Während seiner Zeit als Präsident des fünftgrößten Landes der Welt von 2003 bis 2010 wuchs die Wirtschaft kräftig - auch dank sprudelnder Öleinnahmen. Mehr als 30 Millionen Menschen seien aus der Armut geholt worden, betont er. "Eine Wahl ohne Lula ist ein Betrug", skandierten Anhänger. Ex-Präsidentin Dilma Rousseff sieht einen "Staatsstreich". "Ich glaube, der Putsch, der in Brasilien 2016 geschehen ist, ist kein isolierter Akt. Das ist ein Prozess. Und das Amtsenthebungsverfahren gegen mich war der Eröffnungsakt", sagte sie der Zeitung "El País".
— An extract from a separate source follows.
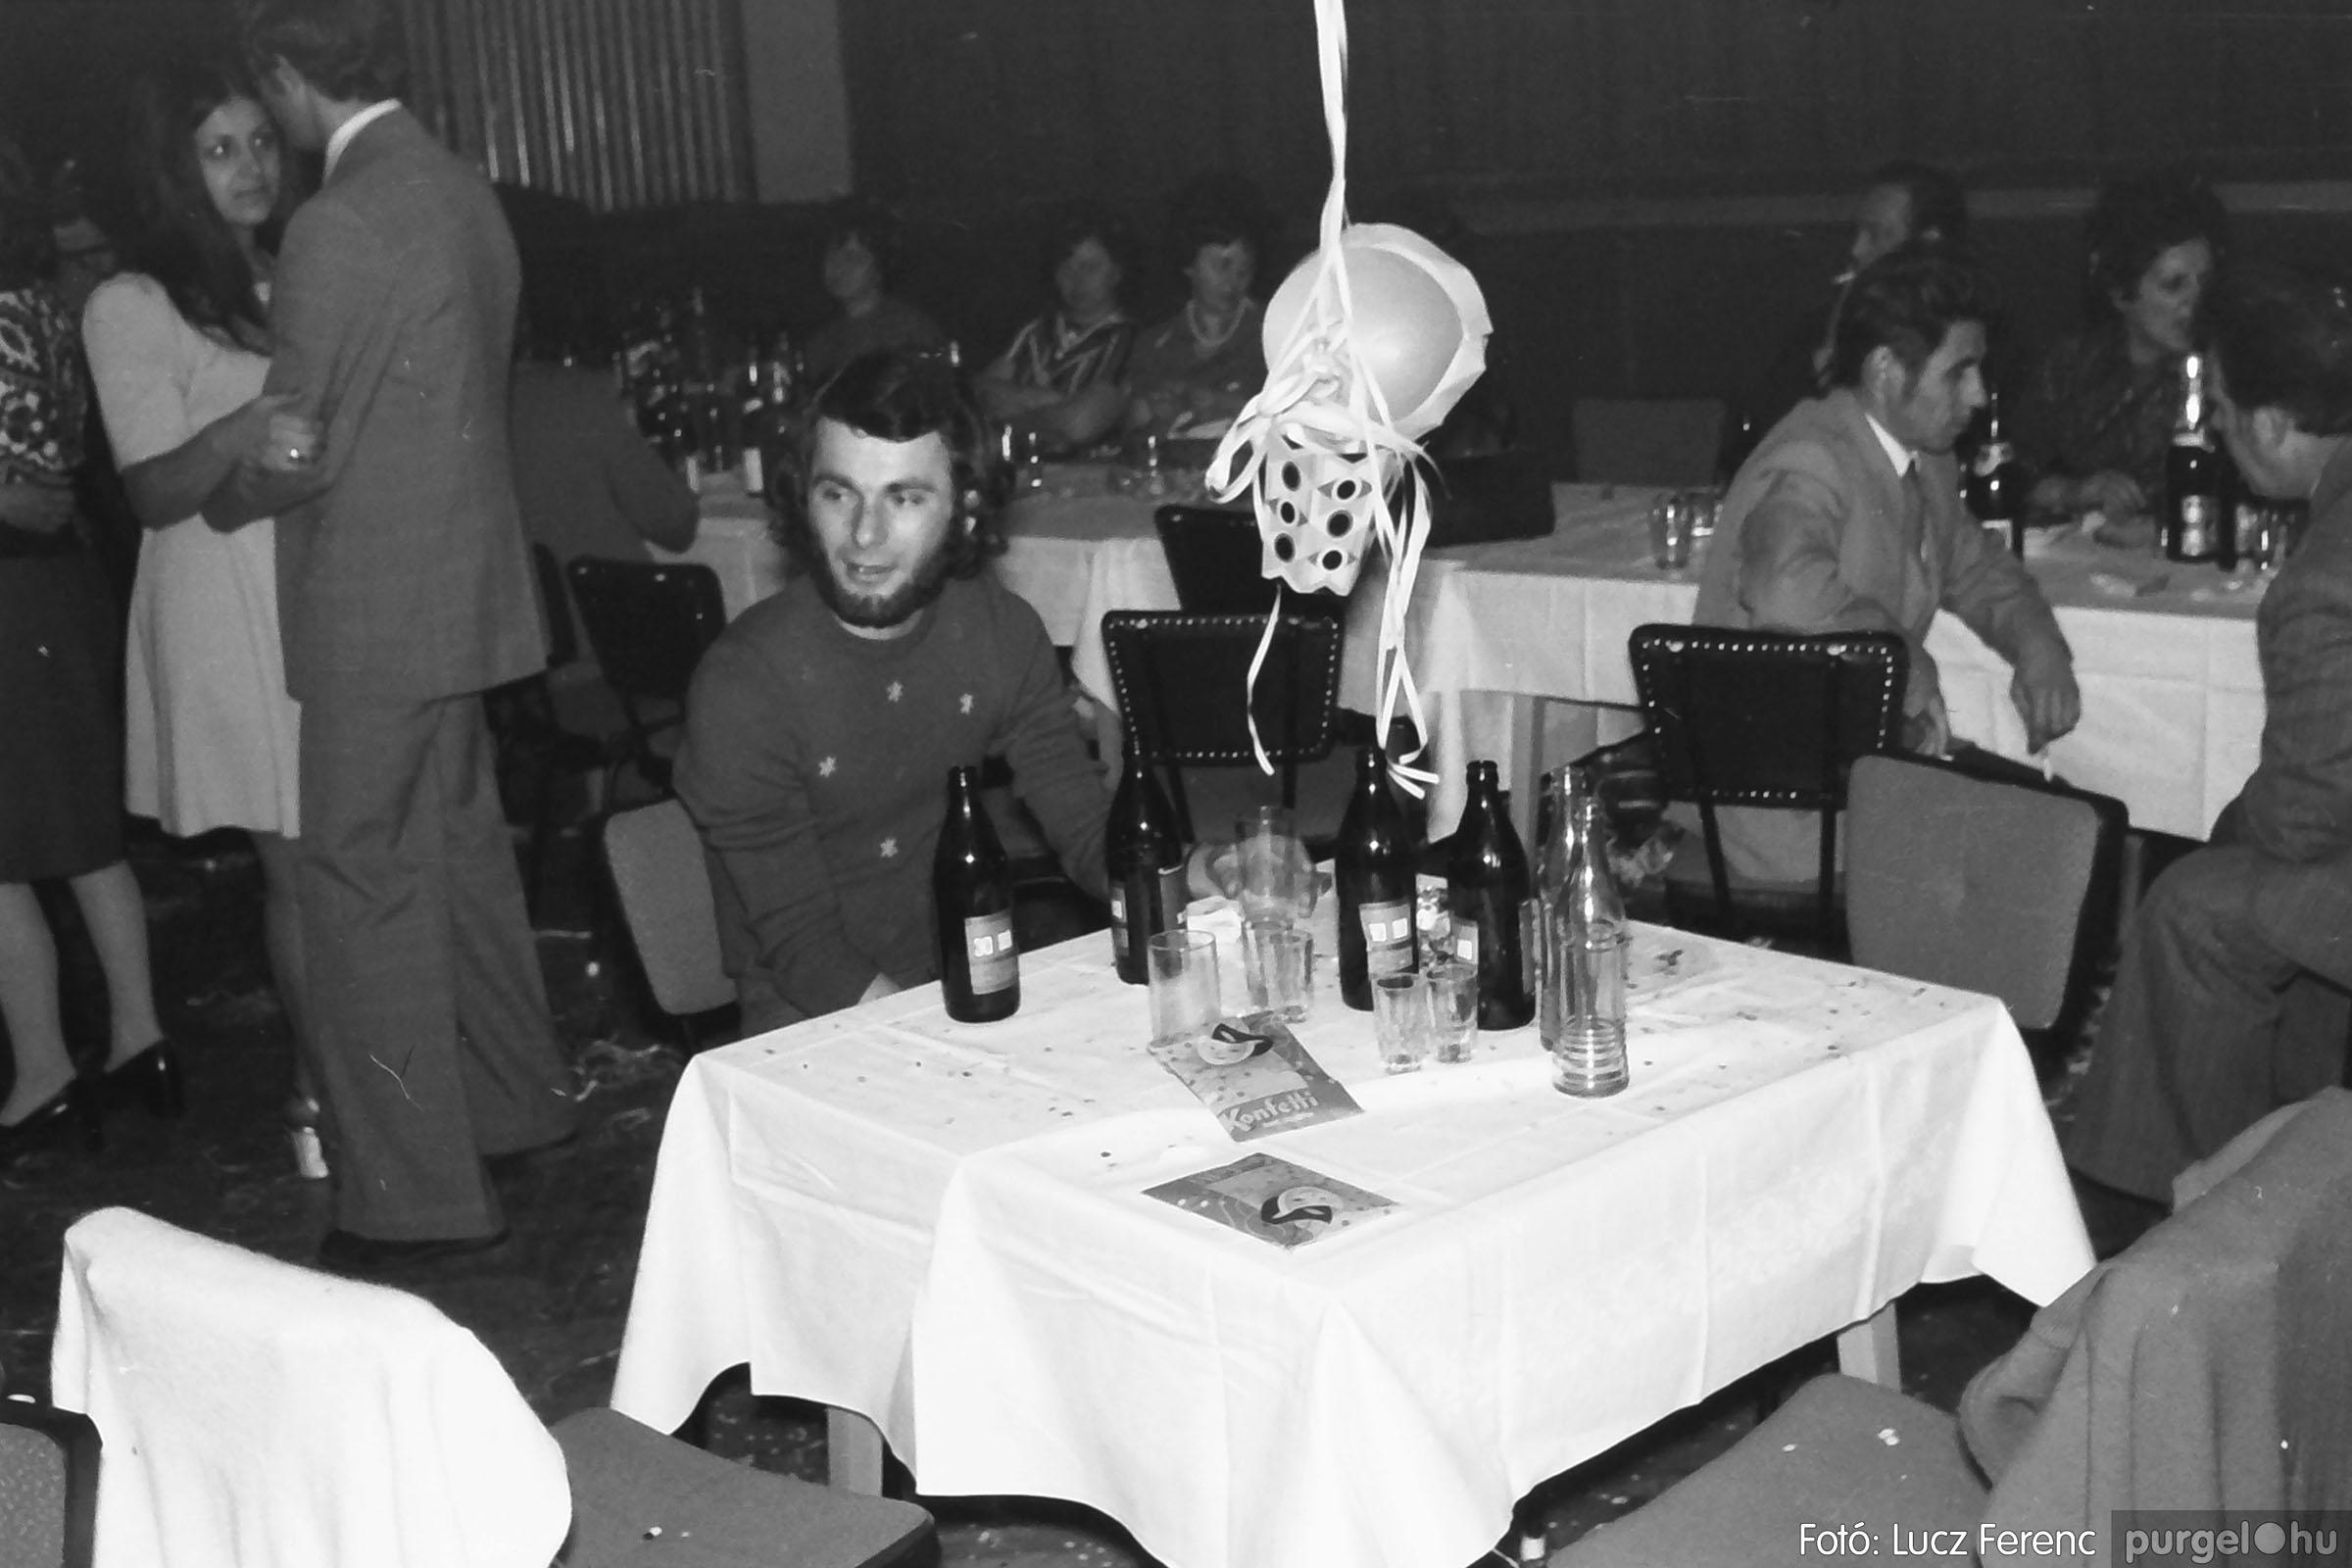 030. 1975.12.31. Szilveszter a kultúrházban 020 - Fotó: Lucz Ferenc.jpg

Rousseff, Nachfolgerin und Parteifreundin Lulas, war 2016 in einem umstrittenen Verfahren wegen angeblicher Haushaltstricksereien des Amtes enthoben worden - damit endete die mit Lula begonnene Regierungszeit der linken PT. Der konservative Michel Temer übernahm und leitete seither einen Politikwechsel ein.
Der Fall ist der vorläufige Höhepunkt in dem das Land seit fast vier Jahren erschütternden "Lava-Jato"-Korruptionsskandal um jahrelange Schmiergelder bei öffentlichen Auftragsvergaben. Dutzende Manager und Politiker sitzen bereits hinter Gittern. Der fast alle Parteien erfassende Korruptionsskandal hat das Vertrauen in die politische Elite stark sinken lassen. Daher könnte ein Außenseiter Präsident werden: Der rechtskonservative Jair Bolsonaro liegt auf Platz zwei.
Er verherrlicht die Militärdiktatur und inszeniert sich als Donald Trump Brasiliens, der den Korruptionssumpf austrocknen will. "Ich bin eine Person, die komplett außerhalb des Establishments steht", betont Bolsonaro. Trotz der Krise gewinnen Investoren wieder Vertrauen, die Arbeitslosenzahl sinkt und der Internationale Währungsfonds hat seine Wachstumsprognose für das Bruttoinlandsprodukt in Brasilien gerade für 2018 auf 1,9 Prozent und für 2019 auf 2,1 Prozent hochgesetzt.